Look, the reelection of Donald Trump is bad news. A lot of awful stuff is going to happen. Some immediate pain points include the replacement of Lina Khan at the FTC with a pliable pro-corporate stooge, the dismantling of Joe Biden’s excellent NLRB, and an immediate gutting of federal wildlife and environmental protections. A lot worse will follow, very likely including even more tax cuts, which are the real reason so many upper-crust types held their nose and voted for Trump. (At the end of the day, there’s always enough will in Congress to cut taxes.) The incoherence that’s inherent to Trump’s foreign policy means that an honest-to-go shooting war might be possible. No relief will be coming for the Rust Belt or any other part of the United States hurt by deindustrialization. This all sucks and there’s going to be some dark times ahead.
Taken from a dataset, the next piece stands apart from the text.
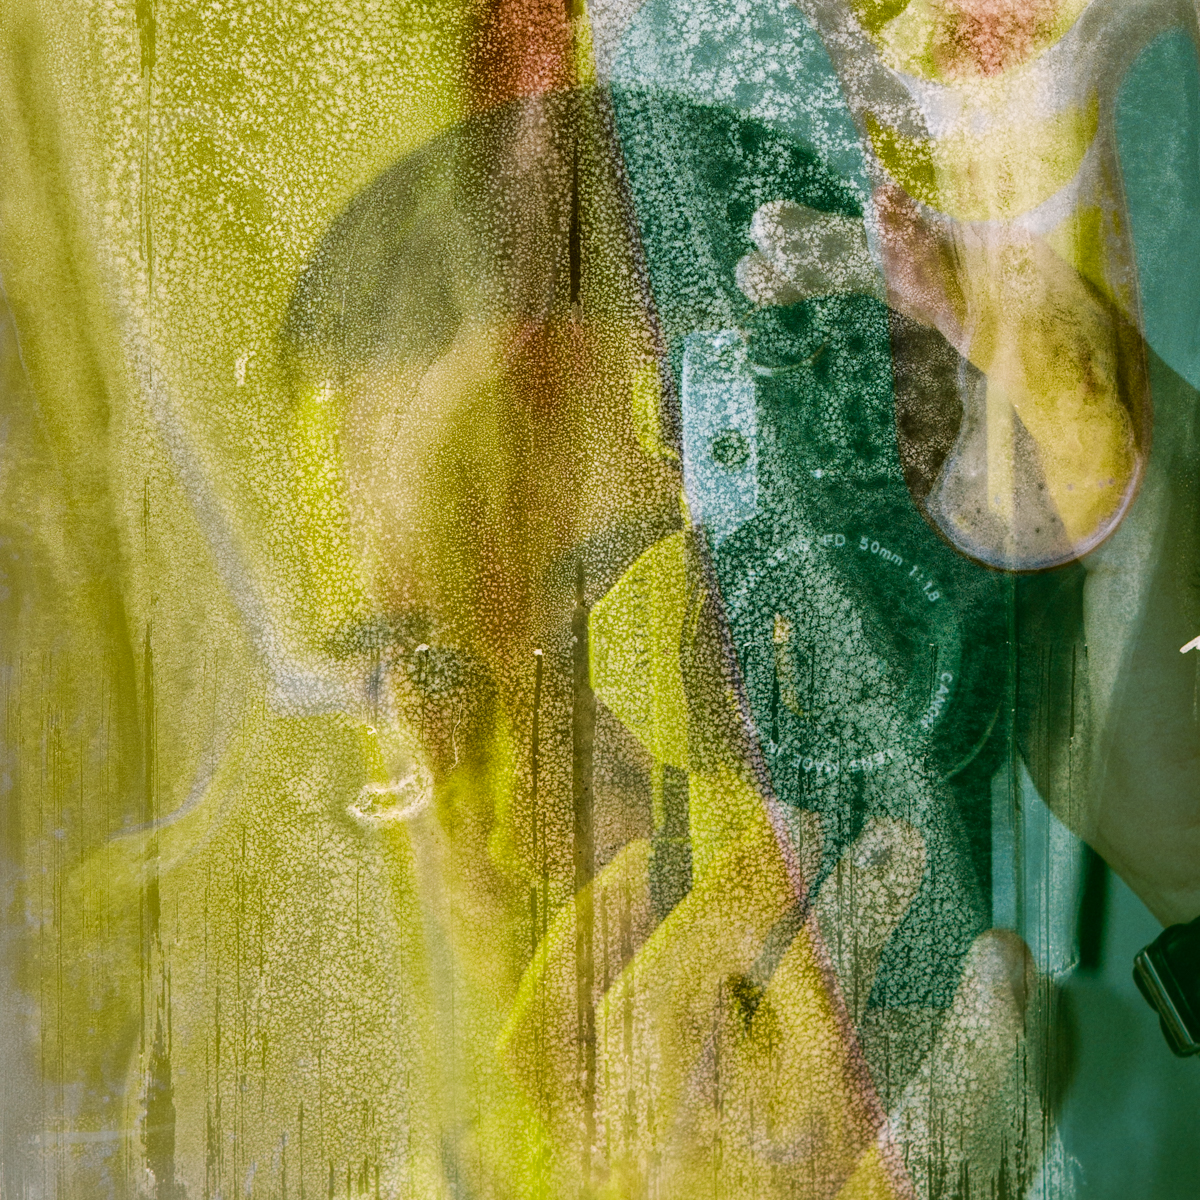 London-photographer-JC-Candanedo-Grey-Pistachio-Fashion-Corporate-Portraits-Headshots-Blog-Creative-Industry-London-film-soup-household-chemicals-negative-destroy.jpg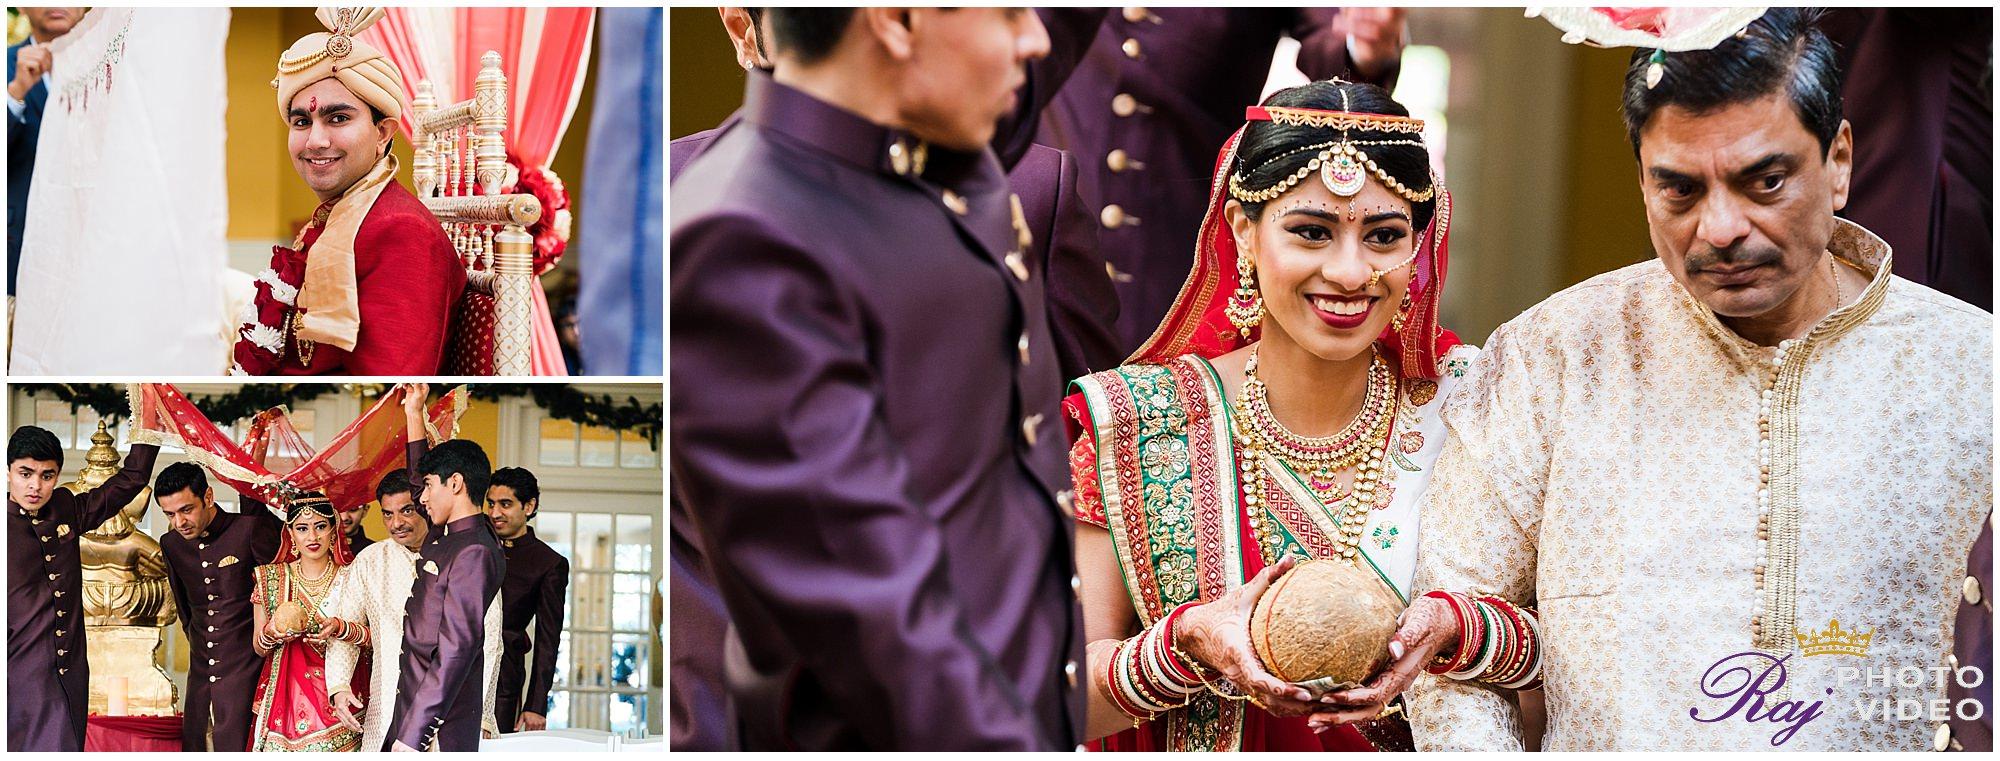 Founders-Inn-and-Spa-Virginia-Beach-VA-Indian-Wedding-Harini-Vivek-34.jpg

At the same time, recent doomsaying has a lot of that usual Trump-era liberal chauvinism in it, where the relentless panic seems competitive and performative. (It’s hard not to detect the self-importance in many people’s public wailing, the sense that they think this hardship validates their own status as a very important person.) Yes, things are bad, but they’ve been bad before, and as destructive as the first Trump term was it wasn’t as terrible as people predicted. We’ve also had a worse presidential administration in clear living memory. In general, it’s important to always remember: the hard times never end, but because they never end, they aren’t really hard times, they’re just times. It’s all just life. Let me take you through a few reasons why you shouldn’t give up.
Trump’s first term was not exactly an efficient machine for achieving conservative policy goals. This is the most obvious objection and reflects on the weirdest aspect of the current moment - the idea that the next Trump term will ruthlessly implement his awful agenda. For one thing, it’s hard to say that Trump has an agenda. He’s going to rattle the saber about the border and probably find some ways to beef up enforcement, although it’s hard to say to what effect. He seems really intent on this tariffs thing, but that’s an issue that’s going to prompt huge corporate resistance which will in turn create turmoil within the Republican coalition; it seems very unlikely that he’s going to get anything like what he wants at the scale he wants. And, anyway, what he wants is very far from what he can get, as his first term proved. Do people really not remember this? The Trump administration was a daily exercise in corruption, controversy, and scandal. Major admin officials seemed to resign by the day. As I won’t stop pointing out, Trump’s signature policy objective (according to him!) was Obamacare repeal, and he was incapable of getting it past his own party in Congress. Yes, there was a lot of hurting that came from Trump I. I’m not underestimating the destructive potential here. But it’s bizarre to look at Donald Trump and the kind of people he attracts and assign them some sort of godlike competence in getting what they want. He’ll be dogged by fierce opposition and scandal from day one, just like he was last time. Don’t dismiss his malice but don’t exaggerate his competence.
Ronald Reagan had just as much ill intent, and was actually good at getting what he wanted, which is an inherently more dangerous combination. It’s just that he was genteel and grandfatherly, so he didn’t embarrass people as much.